SimiaoZuo / Transformer-Hawkes-Process

Code for Transformer Hawkes Process, ICML 2020.
MIT License
174 stars 48 forks source link

Ambiguity in calculating log likelihood #14

Open hojjatkarami opened 1 year ago

hojjatkarami commented 1 year ago

Hi, I have the following issue regarding calculating LL in Utils.py in line 49 inside the function "compute_integral_unbiased":

temp_hid = torch.sum(temp_hid * type_mask[:, 1:, :], dim=2, keepdim=True)

you have only considered the occurred events for calculating integral while according to the formula we should compute the integral of each event type. I would expect the output dimension of this function to be [Batch_size, Length, Num_types]. then we should sum over all num_types instead of reducing it to only occurred events.

I believe that this underestimation of this integral has led to your high overall LL compared to other studies.

looking forward to your clarifications

waystogetthere commented 1 year ago

I understand the issue and inspect the code. My mentor also notifies this error.

The Monte Carlo method:

$\sum_{j \in [2,3,...N]} (tj - t{j-1}) \sum_{i \in [1,2,...M]} \lambda(u_i) $

where N is the number of total events, M is the number of sampling points between every 2 adjacent events, a hyper-parameter.

The code only computes the intensity at the occurring type, while ignoring others.
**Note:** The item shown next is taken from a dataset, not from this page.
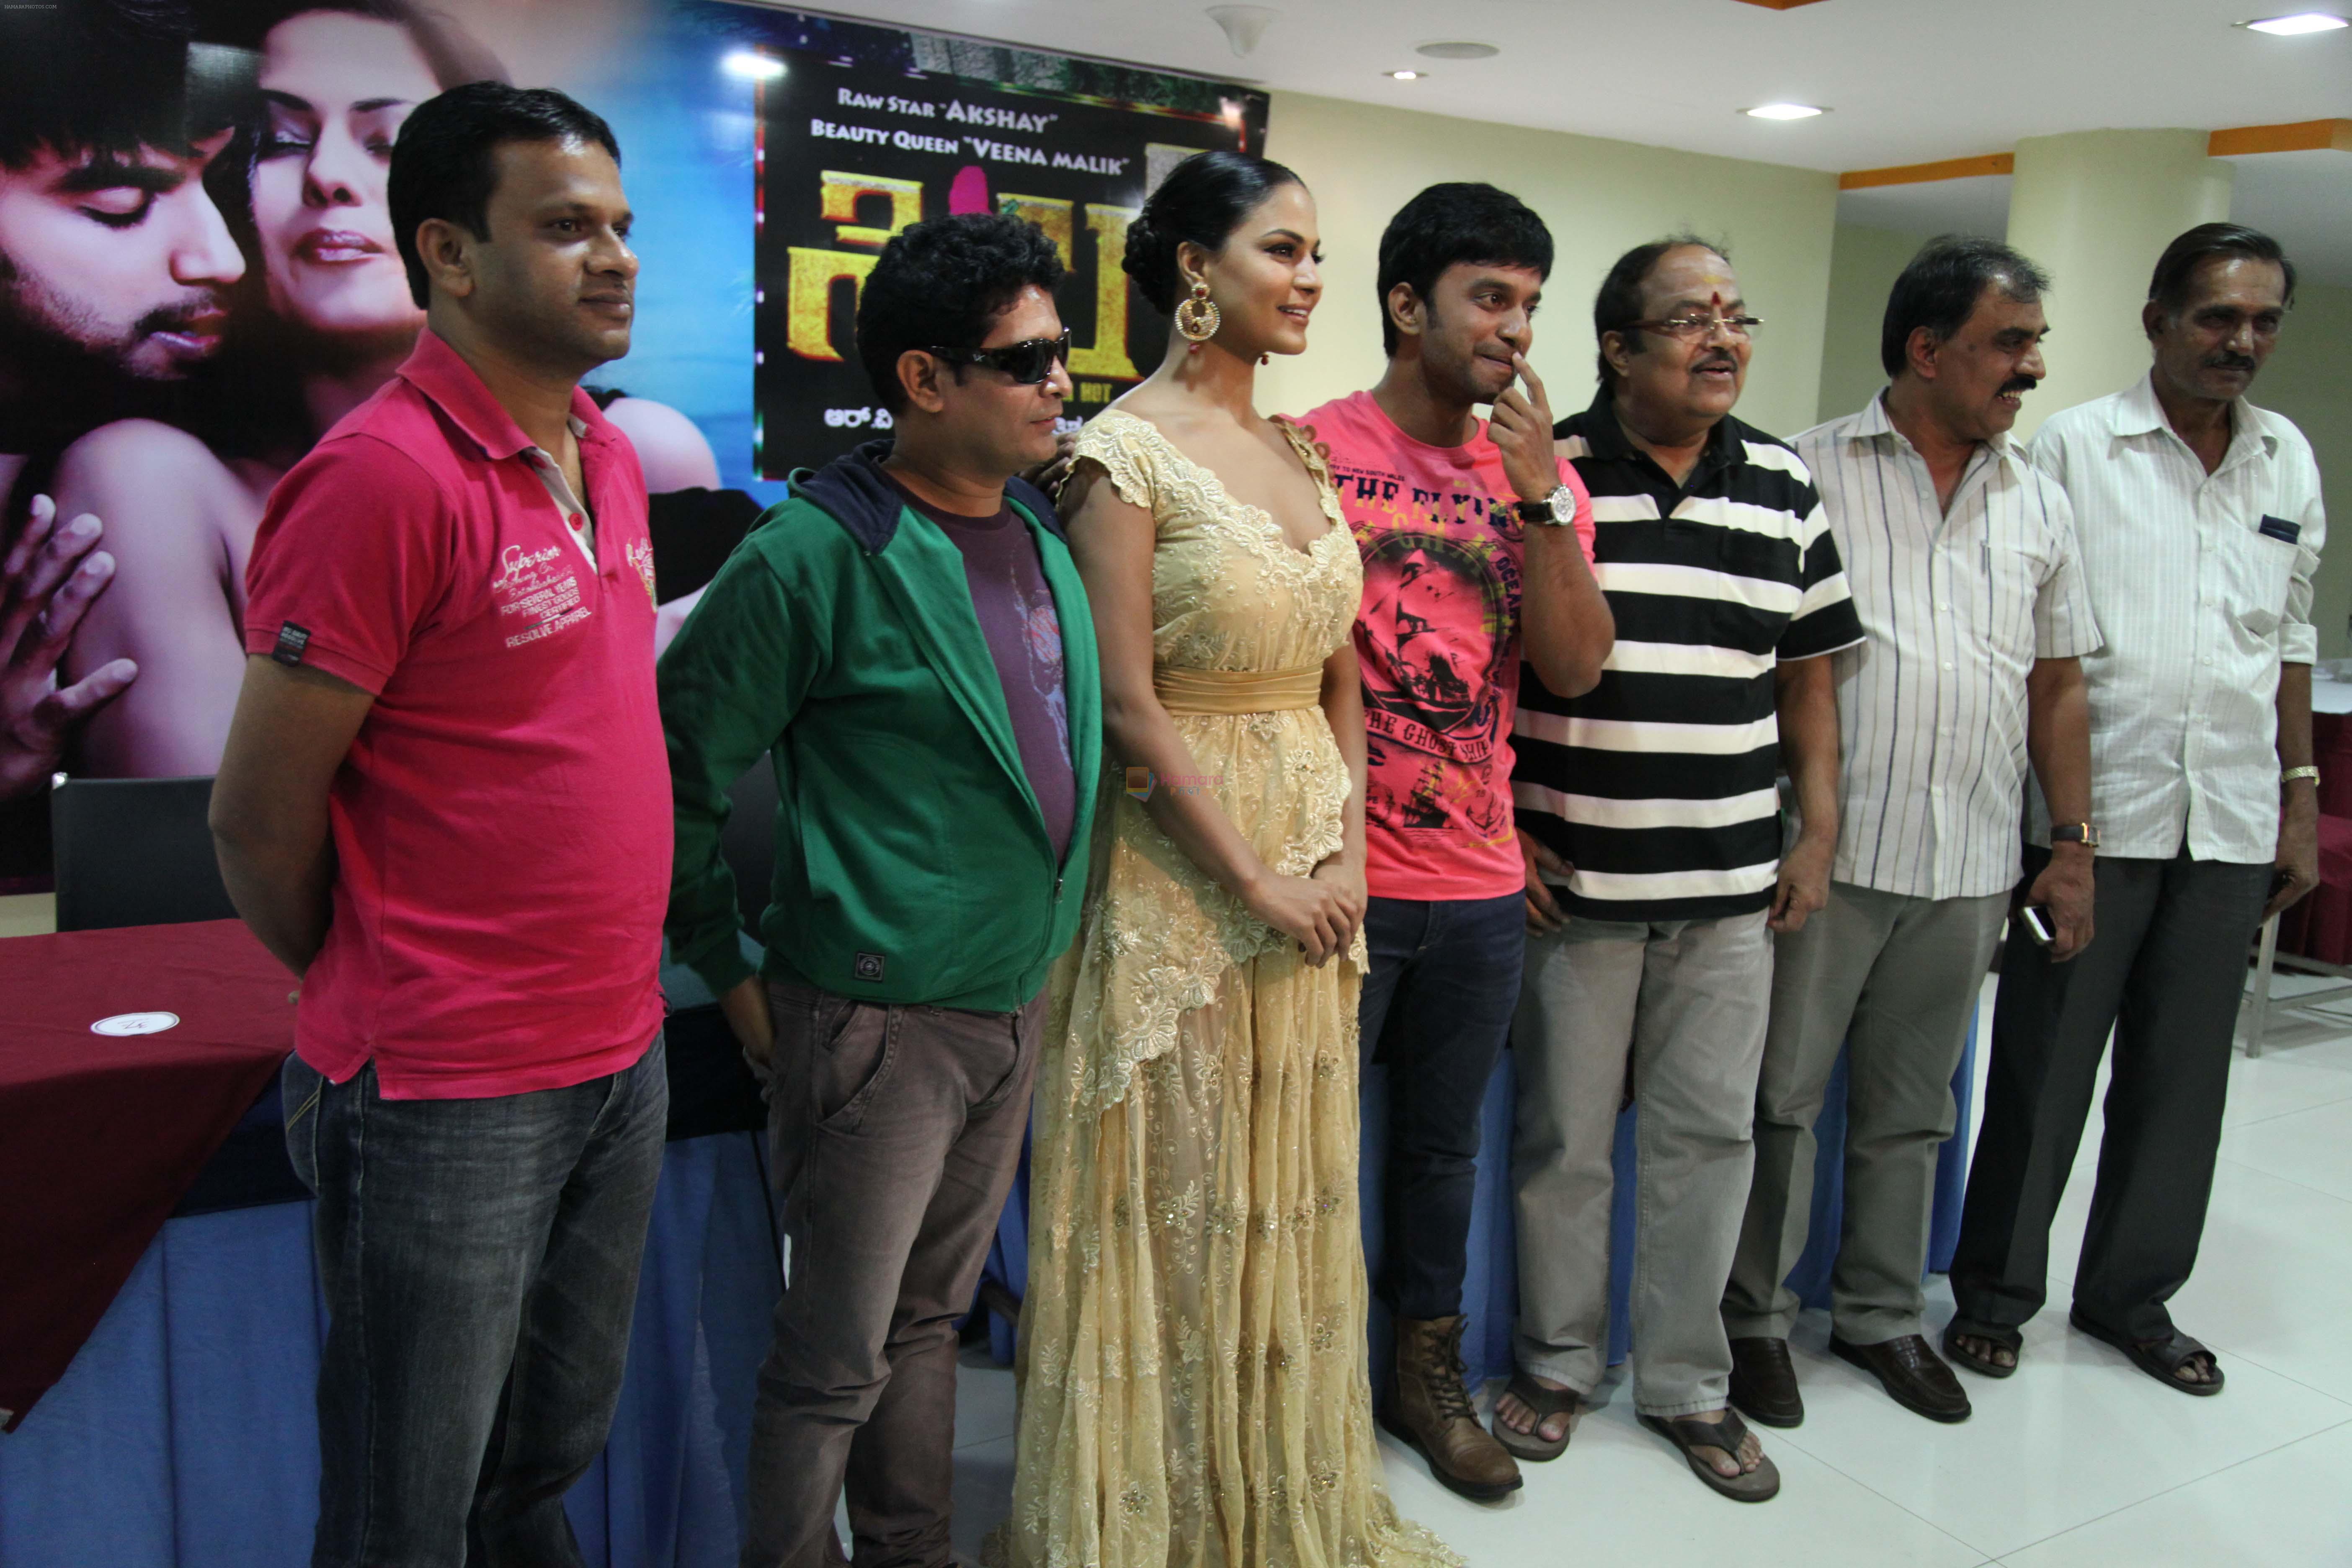 Veena Malik Silk Sakkath Hot Maga release on August 2 on 30th July 2013

Looks like what the code does is: $\sum_{j \in [2,3,...N]} (tj - t{j-1}) \sum{i \in [1,2,...M]} \lambda{k_j}(u_i) $ where $k_j$ is the type of the event occurs at $t_j$.

However, the correct one should be

$\sum_{j \in [2,3,...N]} (tj - t{j-1}) \sum{k \in [1,2,...K]} \sum{i \in [1,2,...M]} \lambda_k(u_i) $

where K is the total number of event types, and $\lambda_k$ is the corresponding intensity at $u_i$ for type k

hojjatkarami commented 1 year ago

thank you for the response.

If you correct this error, then you'd better report the NLL metric again, and compare it with other baselines.

waystogetthere commented 1 year ago

Exactly, I have revised the log-likelihood function. Now its output is [BATCH, Len, Num_types]. I am running the code currently and hope it works.

ritvik06 commented 1 year ago

In addition to the Non-event LL term, the same issue persists in the event LL as well (eq. 8 in paper). Wherever lambda is written in the paper, it should be Sigma (lambda_k) for all k event types.